Die Öffentlichkeit, die das alles bezahlt, hat ein Recht darauf zu erfahren, woran es denn liegt. Bereits im Jahr 2012 berichtete Scientific American über Verzögerungen und Kostensteigerungen, die sich aus den technischen Problemen und der barocken (ein schönes Adjektiv an dieser Stelle) Struktur der ITER-Organisation ergeben. Außerdem scheint es, als sei das Projekt von Anfang an gesundgebetet worden. Initiale realistische Kostenschätzungen sollen von 10 Milliarden € ausgegangen sein. 1998 verließen die USA deshalb das Projekt und traten erst 2003 wieder bei, nachdem die Kostenschätzung halbiert wurde. Ich glaube, auch ohne jede Erfahrung im Anlagenbau, bekommt man bauchweh, wenn man so was hört. Es ist kein Wunder, dass unter diesen Bedingungen die Basisplanung nicht sorgfältig genug durchgeführt wurde. In den letzten Jahren gab es Berichte über diverse Probleme beim Bau, so z.B. Baugruppen, die nicht zueinanderpassen, Probleme mit Schweißnähten und Leckagen bei Vakuumtests. Besonders pessimistisch liest sich ein Paper, das in Nature veröffentlicht wurde und potential massive Probleme im grundsätzlichen Design diskutiert.

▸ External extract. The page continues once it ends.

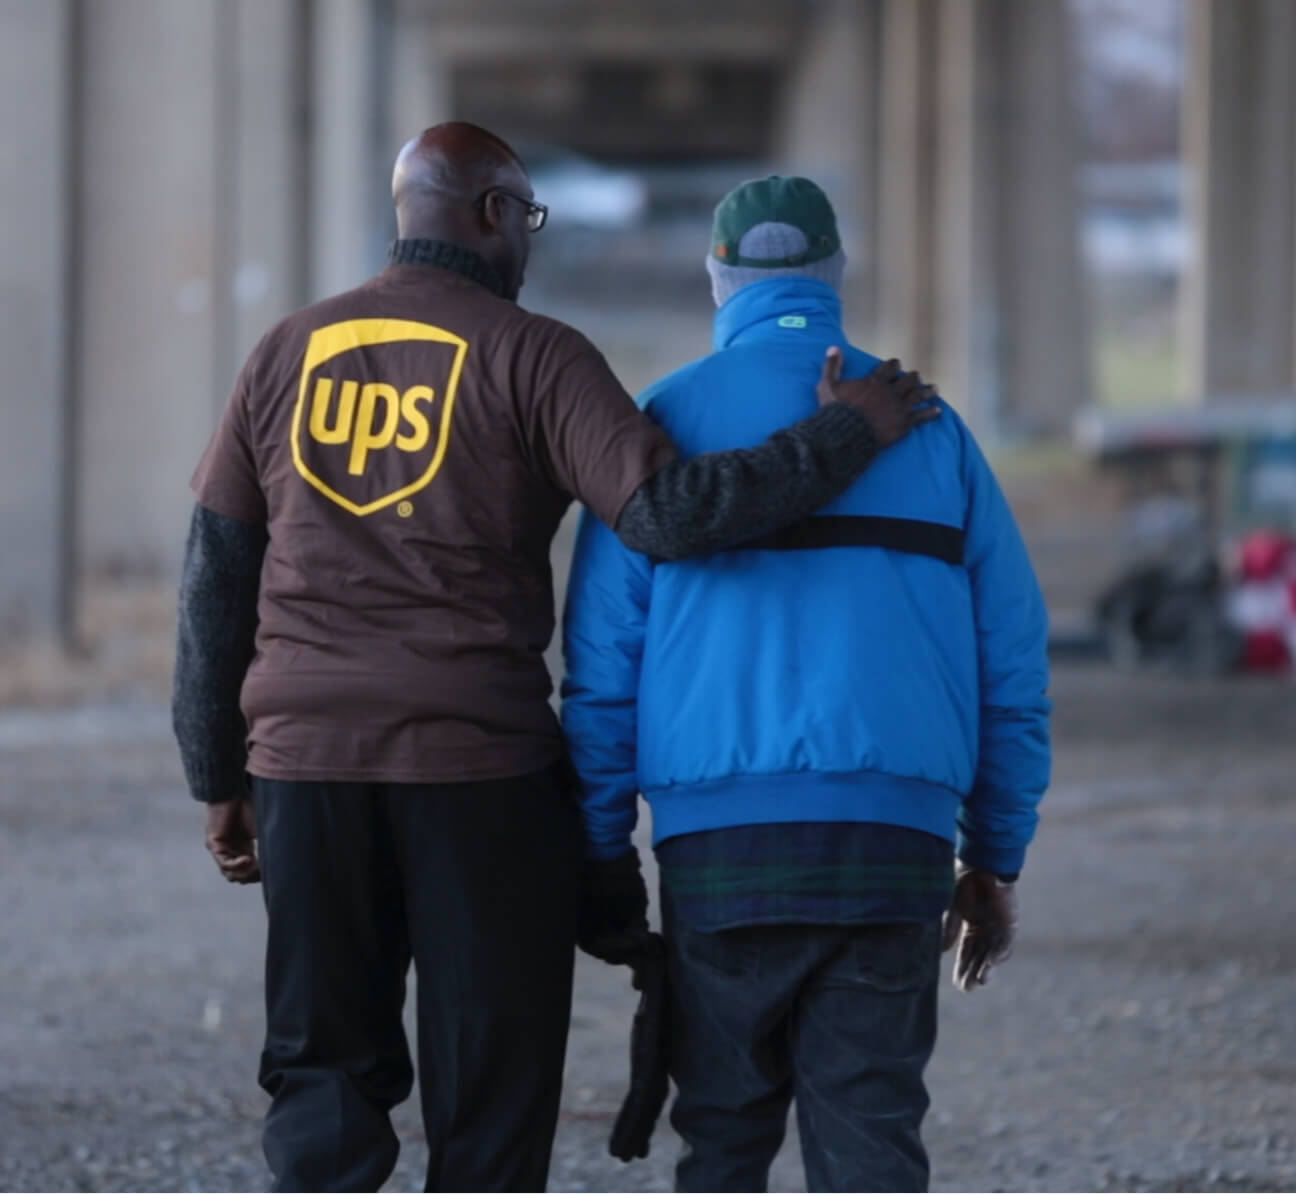 UPS worker with arm around man

Aber das ist noch nicht alles. Die ITER-Organisation als internationales Joint Venture hat inheränterweise gewisse Besonderheiten. Ich habe schon in Joint-Ventures gearbeitet und meiner Erfahrung nach, von einem Engineering- bzw. Engineering-Management-Standpunkt betrachtet, sind sie die Pest. Das Verhältnis der Mannschaften sei noch so kollegial, die Expertise auf allen Seiten noch so hoch, der gemeinsame Wille zum Erfolg noch so groß; in dem Moment, in dem verschiedene Philosophien aufeinander treffen beginnen die Probleme. Um jede Entscheidung wird gestritten, mit harten Bandagen. Techniker auf allen Seiten tun sich schwer, bekannte und bewährte Konzepte auf Wunsch der Partner zu verändern, Geräte einzusetzen, mit denen sie keine Erfahrung haben, Strukturen und Organisationen zu schaffen, die sie nicht kennen. Das ist menschlich und nicht trivial. In einer Organisation, in der verschiedene Länder mit divergierenden Interessen um Einfluss ringen, breiten sich Probleme zusätzlich noch in die politische Dimension aus. Da geht es um die Beschaffung der Baugruppen, die Beauftragung von Firmen, das Hin- und Herschieben von Geldern, die Besetzung von Führungspositionen, die Schaffung von Standards und viele andere Dinge mehr. Die eigentlichen technischen Herausforderungen kommen noch oben drauf.